Below is an alphabetical list of the Founding Partners working together to bring the principles of the Security2Live initiative into reality. Once the basic foundations have been laid, the Founding Partners will open invitations to supporters to who agree with our Principles to radically change the future of Digital Safety Skills, to join them.
Layer8
Layer 8 minimises the risk to businesses by developing proactive security behaviours in employees. Working with international business such as Openreach, National Grid, IG and GKN we've developed:
- Security Champions Programmes
- Online materials delivered via our Layer 8 Toolkit ® Apps
- Surveys to measure security culture maturity
- Interactive workshops
The success of our programmes have been achieved by putting conversation back into security awareness/training. Conversations are our catalyst for change. Working with Layer 8 will provide a framework to get people talking about security and therefore achieving change at the grassroots, where it matters. Click the logo to learn more about Layer8 Limited.
OutThink
OutThink brings world's first human risk protection platform. An innovative, disruptive solution, OutThink redefines security awareness. The OutThink cloud platform has been developed specifically to automate the identification and measurement of human risk. OutThink was purpose-built by CISOs and researchers from UCL and Royal Holloway, for security professionals who are looking to provide effective human risk protection for their organisations.
Headquartered in the City of London with development in UK, Greece and Romania, we have a global client base all of whom are served locally from offices located in Europe, Middle East and Asia Pacific. Click the logo to learn more about OutThink.
Urban IQ
Urban IQ is a management consultancy company largely working across the public sector. It has successfully managed and delivered many complex partnership projects and will provide project support for Security2Live. Urban IQ's background will also provide intelligence for Security2live to expand its provision of cyber security information and training to the public sector.
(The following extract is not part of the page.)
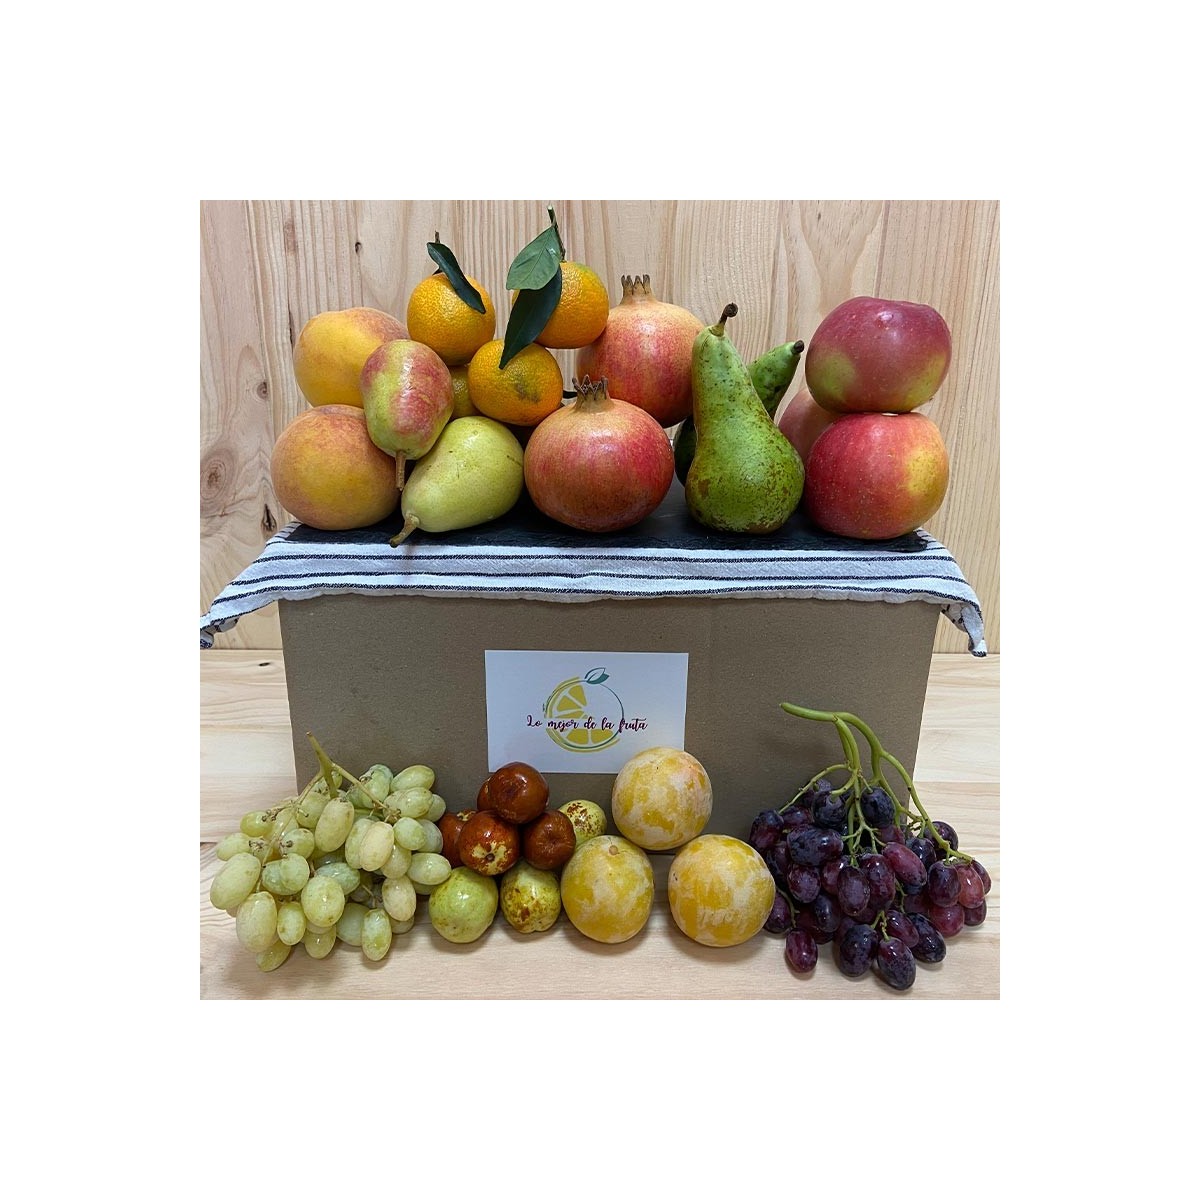 Pack Frutas Octubre - Packs Frutas y Verduras -1- Lo mejor de la fruta

Click the logo to learn more about Urban IQ.
Virtually Informed
Virtually Informed is a media company providing online Security and Privacy courses for non-IT people. It aims to democratise personal technology skills enabling people to take back control of their digital assets and devices and become the chief technology officer and chief security office of their lives, their homes and be a willing assistance to their families and friends. This site is being hosted by Virtually Informed.
Supporters
Supporters of Security2Live agree with the Founding Principles and help promote them through their networks. We have a growing number of supporters across the world actively working in fields related to people's Digital Safety Skills.
If you would like to become a support please get in touch with us using the "Contact Us" page.
"Sutcliffe & Co Insurance Brokers welcomes the launch of Security2Live which fills a much needed gap and will help educate & protect people from many cyber security risks."
Duncan Sutcliffe, Sutcliffe & Co Insurance Brokers.
"Security2Live is an excellent initiative and very much needed. IASME is keen to support the work of this project and we encourage everyone in the cyber security industry and community to get involved."
Emma Philpott, CEO, IASME Consortium.
Please note, if you have communicated your desire to become a Security2Live Supporter and do not see your details listed above, it may be because we have not yet completed our verification process for listing - please be patient with us, we will resolve this soon.